I saw a commercial recently where a father is wondering how to get his infant son to eat breakfast, so he asks AI for advice and is told “He likes it when you make silly faces”.
Because this is definitely what we need: to become so brainless and disconnected that we must ask computers how to interact with our own children.
Why stop there? Maybe we can have AI contact our friends with procedurally generated hellos or condolences, freeing up time so we can keep tapping at our glowing phones like a junkie looking for a vein, or like the undead pawing at a mall window. Here’s a fun experiment: the next time you go to a restaurant, park, movie theater, or gym, take note how many people are obsessively glued to their phones; I habitually see entire families sitting around a table, each hypnotized by their own screen. It’s like that episode of Star Trek TNG, where Wesley brings an addictive VR game aboard the Enterprise. What’s darkly amusing is that if anyone was taking a shot of whiskey every five minutes, we’d be quick to say, “That person has a problem.” Yet checking our phones every five minutes gets a free pass.
Between TikTok boiling away attention spans, social media “debate” being little more than a war of red and blue hashtags, and now AI writing our papers (while professors use it to grade them) we’re hurtling straight into becoming barely functioning NPCs in a self-made Matrix.

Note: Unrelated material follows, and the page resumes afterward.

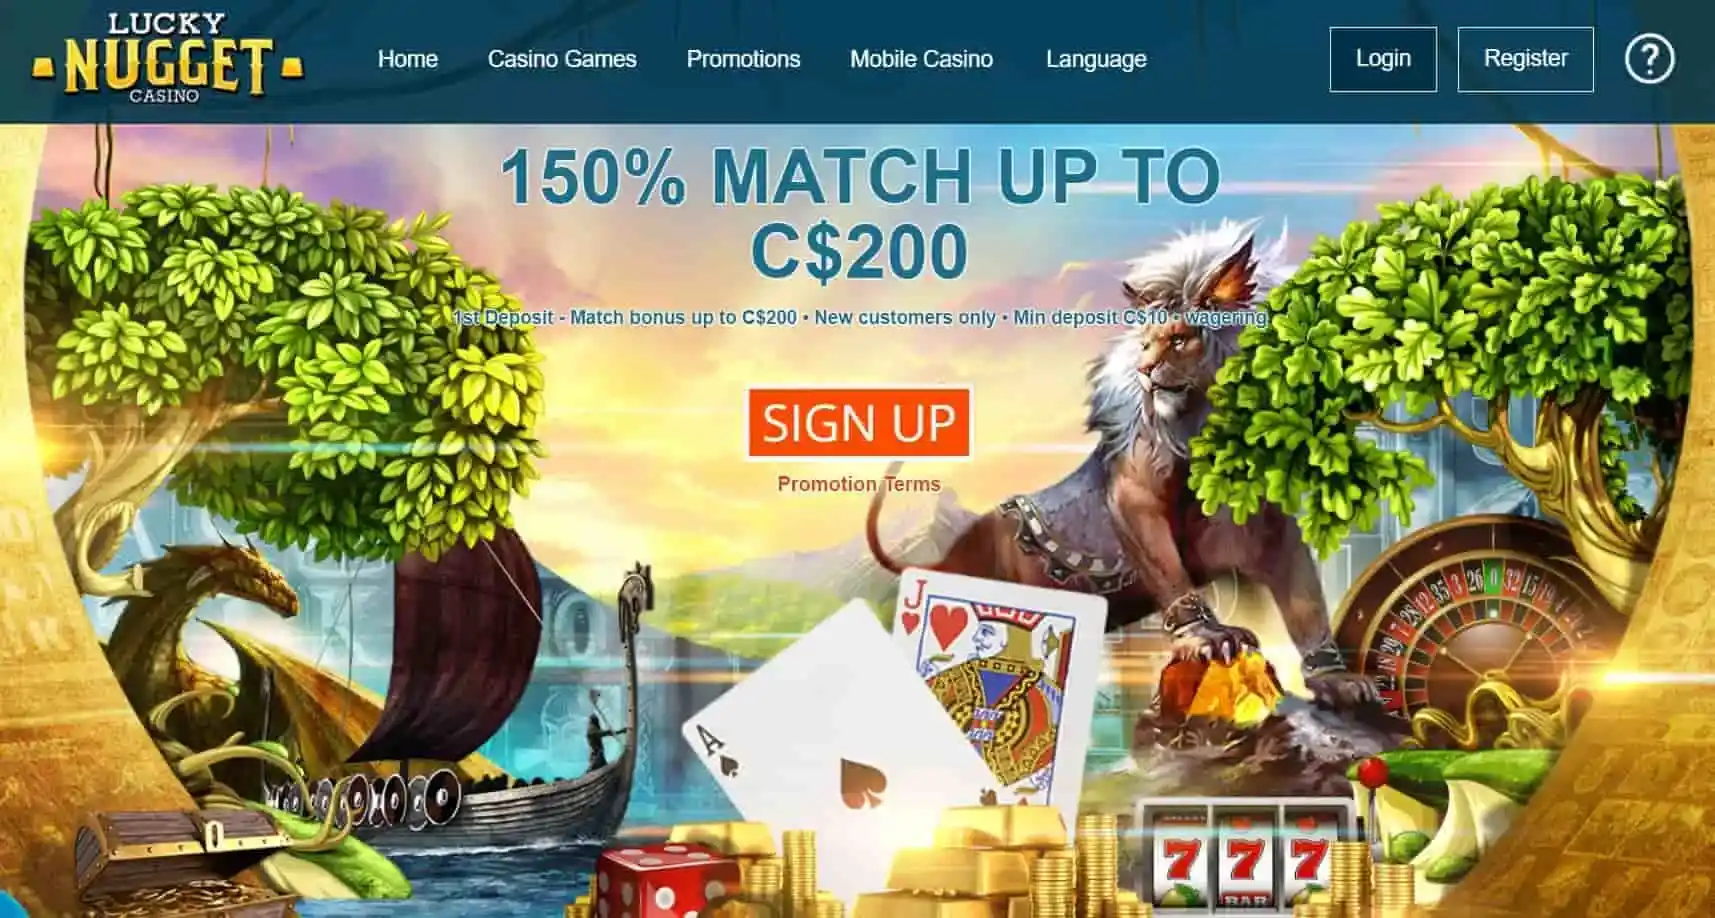 Lucky Nugget Casino main page
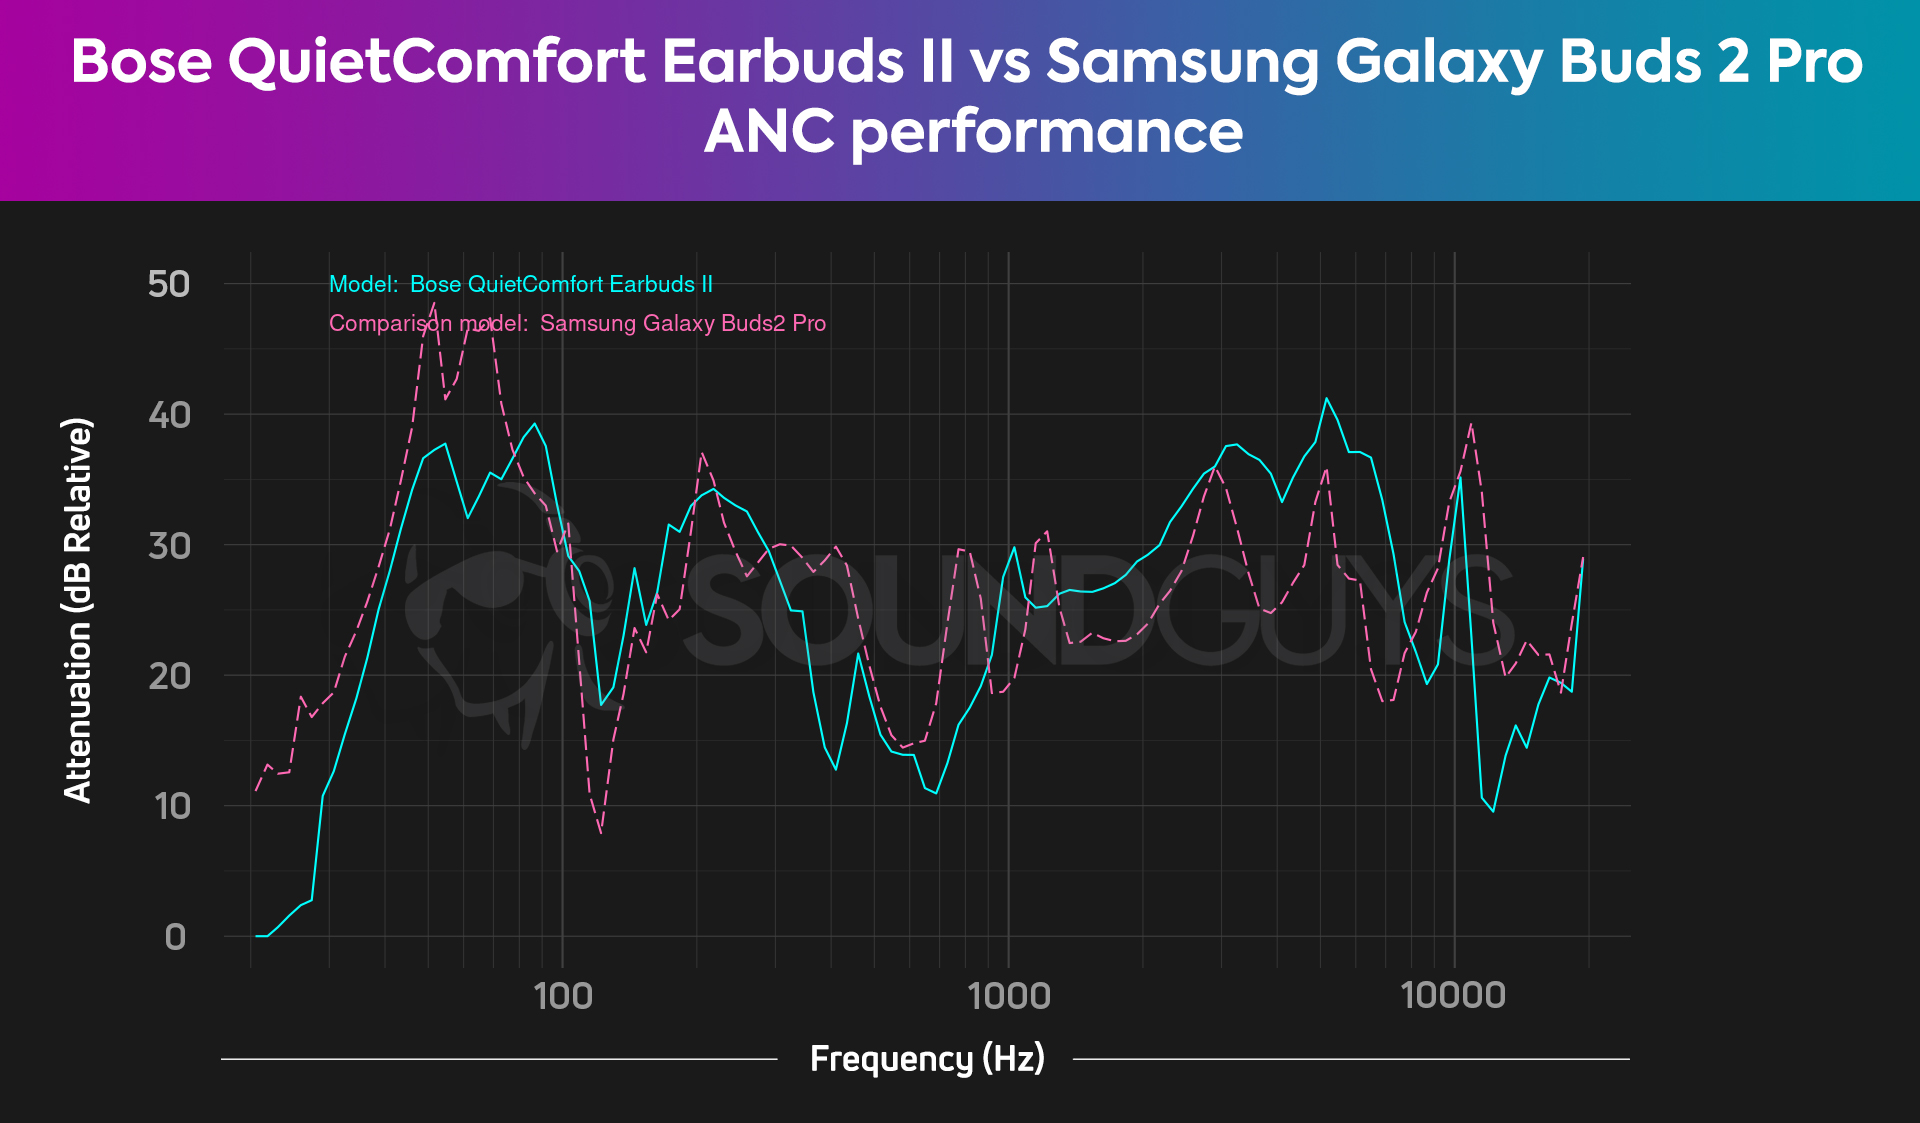 Chart depicts the combined isolation and ANC performances of the Bose QuietComfort Earbuds II versus the Samsung Galaxy Buds 2 Pro.

I’ve written before about this, and how we’re at a truly grim cultural crossroads.
The very last thing we need is further disconnection. It was disconnection from humanity that made the title character of H. G. Wells The Invisible Man become a sociopath. It would one thing if we followed that ancient Delphic advice: “Nothing in excess”. Yet that kind of balance and nuance takes effort, and I’m not sure we as a culture are interested in it.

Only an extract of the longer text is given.